I believe something along the lines of what lallara has suggested above - soft clones are a relatively insecure method of immortality, and so capsuleers in general consider themselves 'vulnerable' - they are still more permament/inviolate than poor baseliners, but they do not have the micro-quantum entanglement benefits of the NIS implant.
That being said, the good old networking security acronym 'VIA' (verification, integrity and authenticity) is a can of worms with any modern expression of the facts. Quantum entanglement is our 'tachyon pulse' so to speak, a deus ex machina that saves us from our mistakes with little satisfaction of the pseudo-scientific expression we attempt to bring to bear on it. As the mind is constantly being adapted to new conditions, skills and cybernetic interference, the only live link is the capsule interface.
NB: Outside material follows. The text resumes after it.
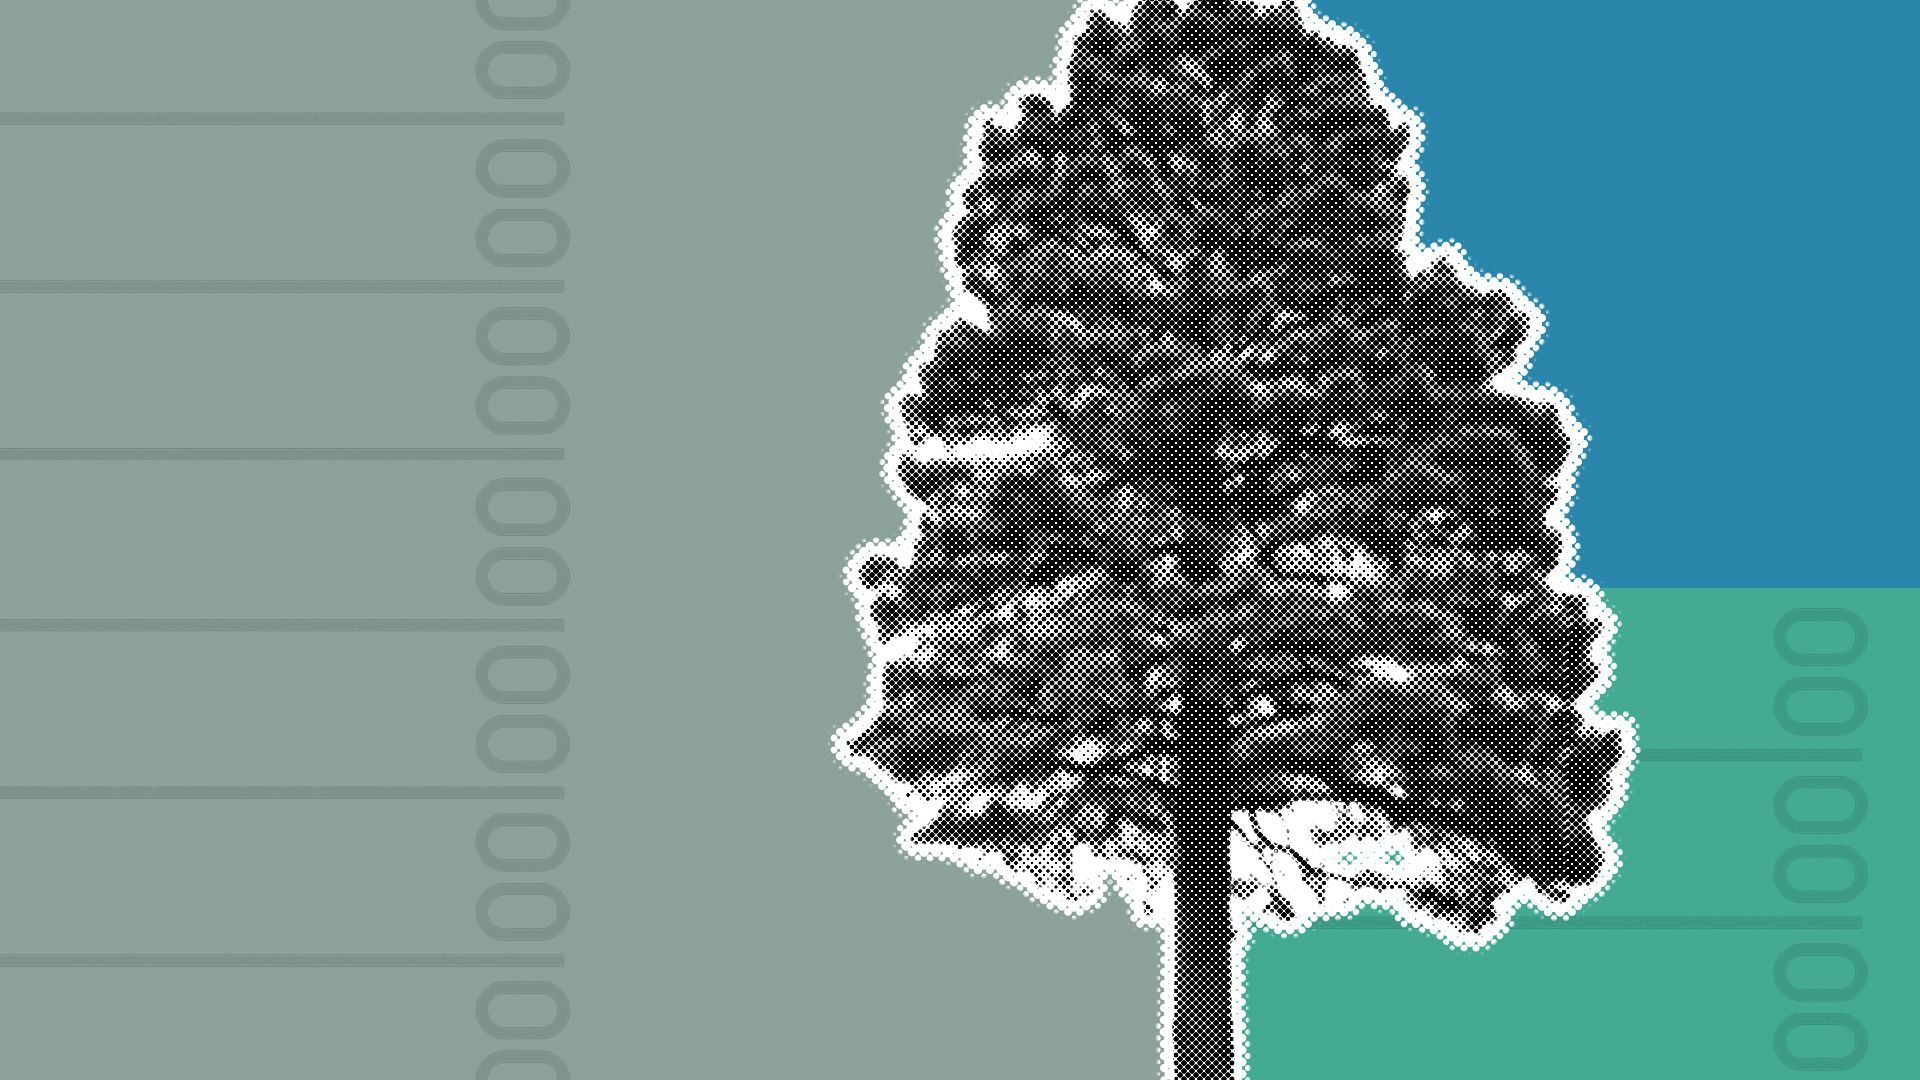 Illustration of a tree with shapes and ballot elements behind it

A soft clone is literally a hard back up, and the point of failure in hard back ups lies in the very memory locations they inhabit.
There is a webcomic, I forget which, where the protagonist clones him/herself to become immortal, but an AI tests them against a biometric, psychological and personality auguring battery of challenges, which even a tiny failure of results in the destruction of the clone before it's release - thus ensuring the 'right' personality lives on. Brutal, grim, and not within the remit of current PF. But an interesting option for those paranoid capsuleers who have the means (nullsec outpost clone bays for example) to enforce their own code of practice to ensure that their copy wasn't pilfered or interfered with.
If you want to be securely immortal out of pod, spend that immortality ensuring your own security - the technological equivalent of the crazy unshaven inventor sitting in a bath of dettol screening every door handle for germs on a compulsive basis.